Leading-edge HVDC Transmission Project

Highlight

The Hida-Shinano high voltage direct current link currently under construction connects the 50-Hz Shin Shinano substation of TEPCO Power Grid, Inc. to the 60-Hz Hida converter station of Chubu Electric Power Grid Co., Inc. It is the first such project in Japan in which a high voltage direct current link connects via overhead lines between grids operating at different frequencies and with different manufacturers supplying the systems at each end. Hitachi had full responsibility for the AC/DC converter system at Hida converter station and adopted a development design that took account of the environmental conditions of heavy snowfall associated with the station’s high altitude (1,085 m).

Table of contents

Author introduction

Miki Iimura

  • Power Electronics Systems Department, Power Electronics Division, Transmission & Distribution Systems Division, Energy Business Unit, Hitachi, Ltd. Current work and research: Management of HVDC projects. Society memberships: The Institute of Electrical Engineers of Japan (IEEJ) and the International Council on Large Electric Systems (CIGRE).

Kai Chiba

  • Power Electronics Converter Design Department, Power Electronics Division, Transmission & Distribution Systems Division, Energy Business Unit, Hitachi, Ltd. Current work and research: Design of power electronics converters.

Shinichi Kamoshida

  • High Voltage Switchgear Design Department, T&D Engineering and Production Division, Transmission & Distribution Systems Division, Energy Business Unit, Hitachi, Ltd. Current work and research: Design of high voltage switchgear. Society memberships: IEEJ.

Hideki Ogata

  • Transformer Design Department, T&D Engineering and Production Division, Transmission & Distribution Systems Division, Energy Business Unit, Hitachi, Ltd. Current work and research: Design of large capacity transformers. Society memberships: IEEJ.

Tomoaki Utsumi

  • System Engineering Department, Hitachi ABB HVDC Technologies, Ltd. Current work and research: Engineering for harmonic filter equipment manufactured by ABB. Society memberships: IEEJ and CIGRE.

Yoshihiko Nakano

  • Power Grid Control Systems Engineering Department, Energy Solution Division, Control System Platform Division, Services & Platforms Business Unit, Hitachi, Ltd. Current work and research: Design of HVDC control and protection systems.

1. Introduction

The Great East Japan Earthquake highlighted the need for more electricity capacity during major disasters. This led to the launch of a project to build a high voltage direct current (HVDC) link between the Tokyo and Chubu regions in order to increase the capacity for transferring power between Japan’s 50-Hz and 60-Hz grids(1).
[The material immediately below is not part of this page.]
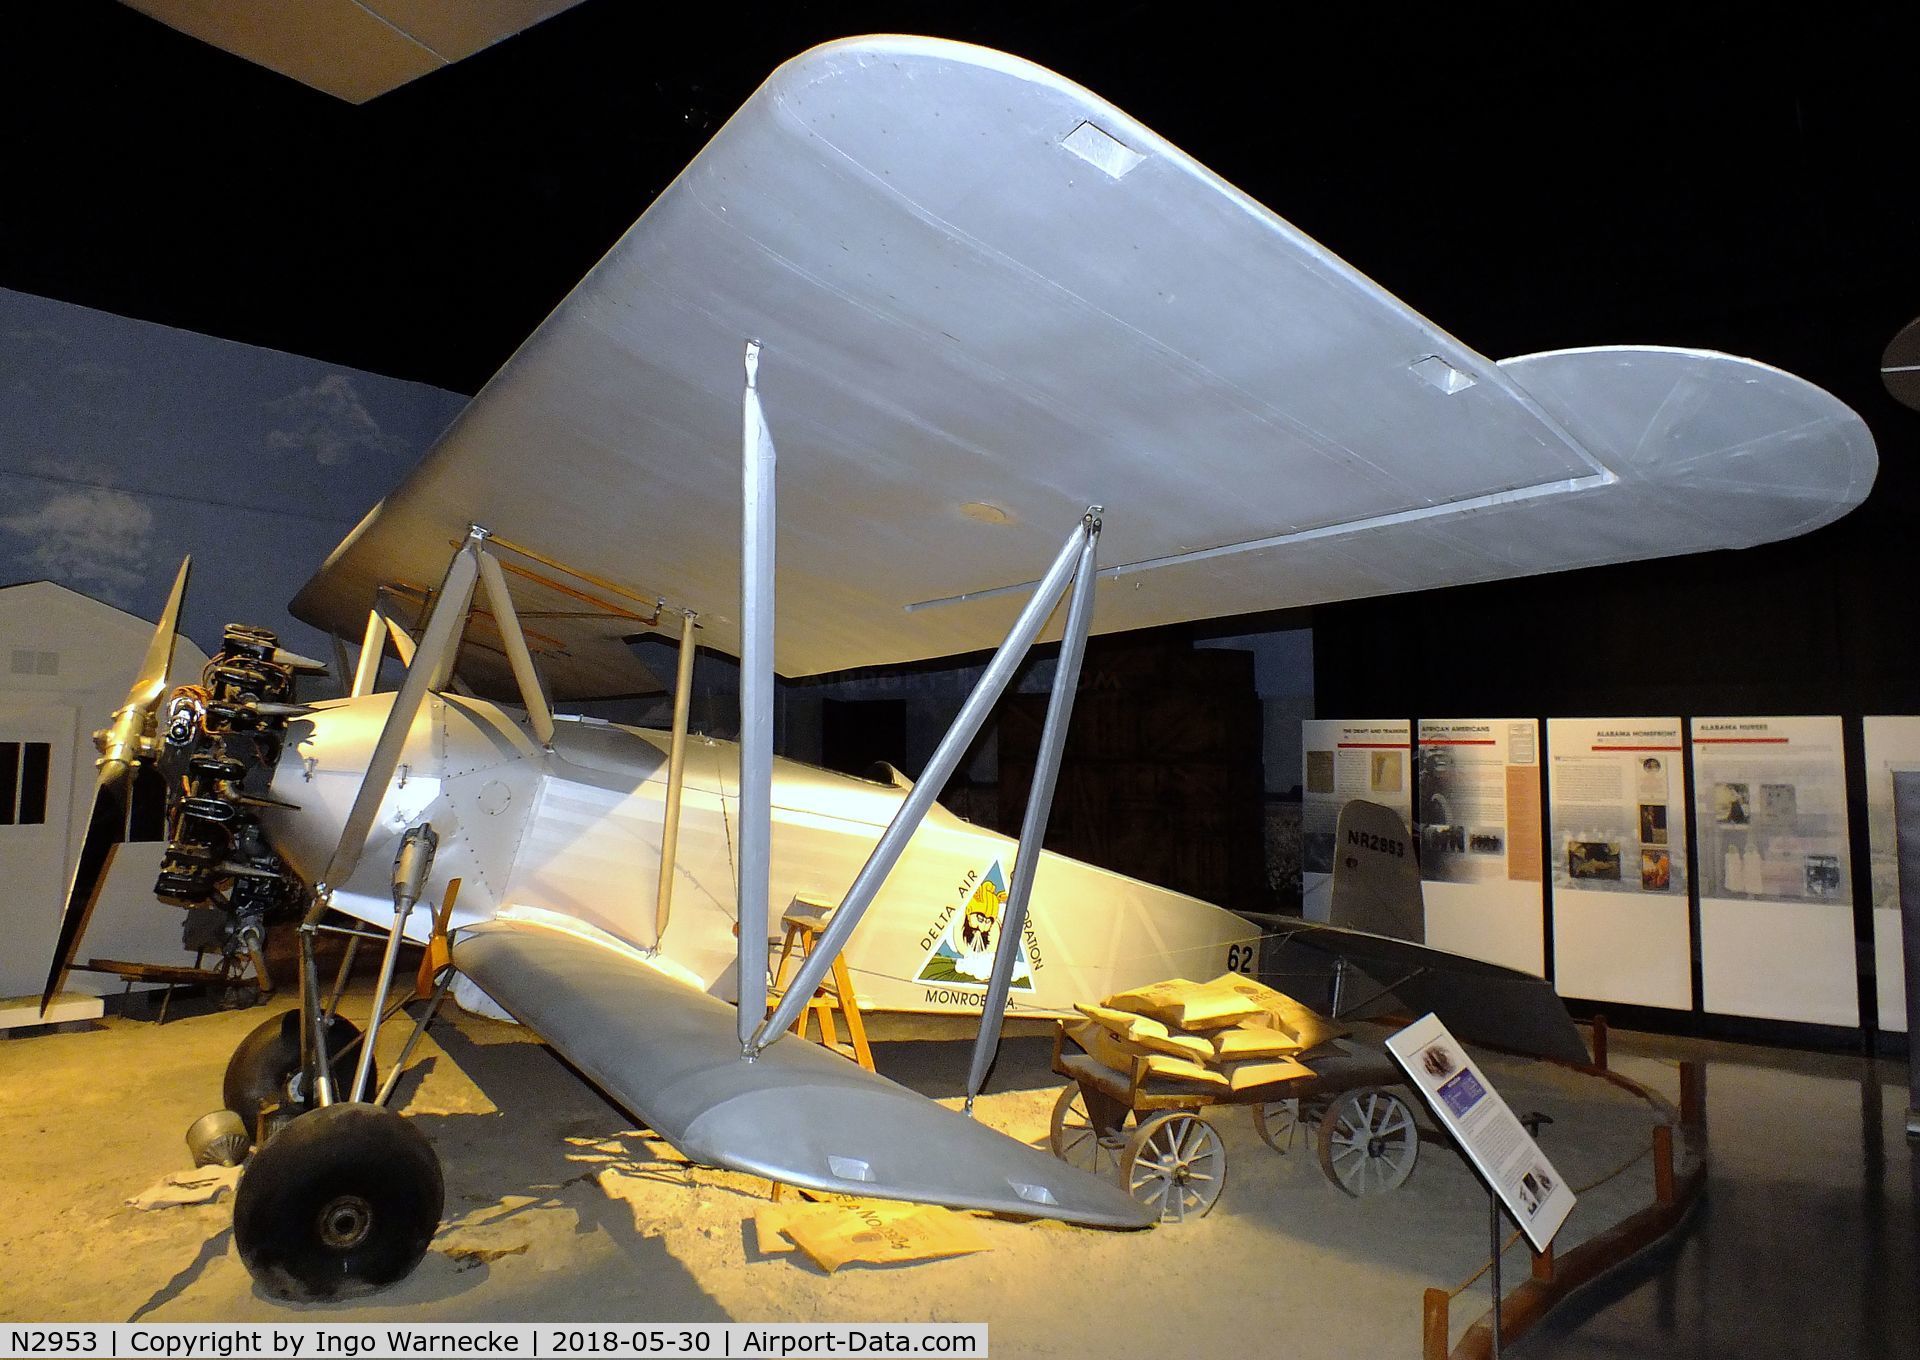 N2953, 1925 Huff PETREL C/N 62, Huff-Daland Duster Petrel at the Southern Museum of Flight, Birmingham AL

Along with its ability to serve as a link between grids that operate at different frequencies, the features of HVDC are also useful for lowering long-distance transmission losses and expanding and strengthening the power system. Given the rising adoption of renewable energy, it is anticipated that HVDC will become even more important in the future, including as a means of providing greater capacity for cross-regional interconnection and the transmission of large amounts of offshore wind or other forms of renewable energy generated in remote locations.

Construction of the Hida-Shinano HVDC Link is currently underway as part of the project referred to above, with a scheduled date for commencing operation of March 2021. Hitachi’s scope of work includes the supply of thyristor valves, converter transformers, direct-current reactors (DCLs), alternating-current gas-insulated switchgear (AC-GIS), direct-current gas-insulated switchgear (DC-GIS), control and protection systems, harmonic filters, and phase modifying systems for the Hida converter station of Chubu Electric Power Grid Co., Inc.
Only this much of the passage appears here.